Would you return, word for word, the lines of the data below from the line with "Service manual [2010" through the line with "Nanmu 1/35 Allosaurus", and no others?

[[ Record set, beginning ]]

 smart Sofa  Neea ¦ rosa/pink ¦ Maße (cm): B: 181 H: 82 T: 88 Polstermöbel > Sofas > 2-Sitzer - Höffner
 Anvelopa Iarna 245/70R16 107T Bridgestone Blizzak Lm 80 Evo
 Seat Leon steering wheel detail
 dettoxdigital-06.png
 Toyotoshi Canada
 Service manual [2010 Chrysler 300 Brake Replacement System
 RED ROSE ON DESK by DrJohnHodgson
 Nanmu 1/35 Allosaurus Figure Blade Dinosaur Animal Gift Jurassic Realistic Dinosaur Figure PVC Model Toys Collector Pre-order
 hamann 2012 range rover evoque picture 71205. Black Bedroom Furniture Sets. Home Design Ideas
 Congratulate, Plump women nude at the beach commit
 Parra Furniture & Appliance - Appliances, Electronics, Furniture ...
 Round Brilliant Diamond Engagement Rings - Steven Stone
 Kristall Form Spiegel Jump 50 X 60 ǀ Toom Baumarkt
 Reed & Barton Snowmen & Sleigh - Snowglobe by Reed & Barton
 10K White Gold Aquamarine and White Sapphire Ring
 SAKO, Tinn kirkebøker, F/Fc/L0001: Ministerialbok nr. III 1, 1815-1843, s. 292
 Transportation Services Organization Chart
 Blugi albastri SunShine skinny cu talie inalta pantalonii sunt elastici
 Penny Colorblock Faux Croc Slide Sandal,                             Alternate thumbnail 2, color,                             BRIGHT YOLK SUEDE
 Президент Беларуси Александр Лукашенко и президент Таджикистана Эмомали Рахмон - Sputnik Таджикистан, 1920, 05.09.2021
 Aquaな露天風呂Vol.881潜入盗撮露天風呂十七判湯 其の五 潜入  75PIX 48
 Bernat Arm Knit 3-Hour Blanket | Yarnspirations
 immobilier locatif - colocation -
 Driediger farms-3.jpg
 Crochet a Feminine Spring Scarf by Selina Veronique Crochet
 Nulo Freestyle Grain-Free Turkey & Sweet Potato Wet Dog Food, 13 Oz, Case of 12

[[ Record set, end ]]

_Written reply:_
 Service manual [2010 Chrysler 300 Brake Replacement System
 RED ROSE ON DESK by DrJohnHodgson
 Nanmu 1/35 Allosaurus Figure Blade Dinosaur Animal Gift Jurassic Realistic Dinosaur Figure PVC Model Toys Collector Pre-order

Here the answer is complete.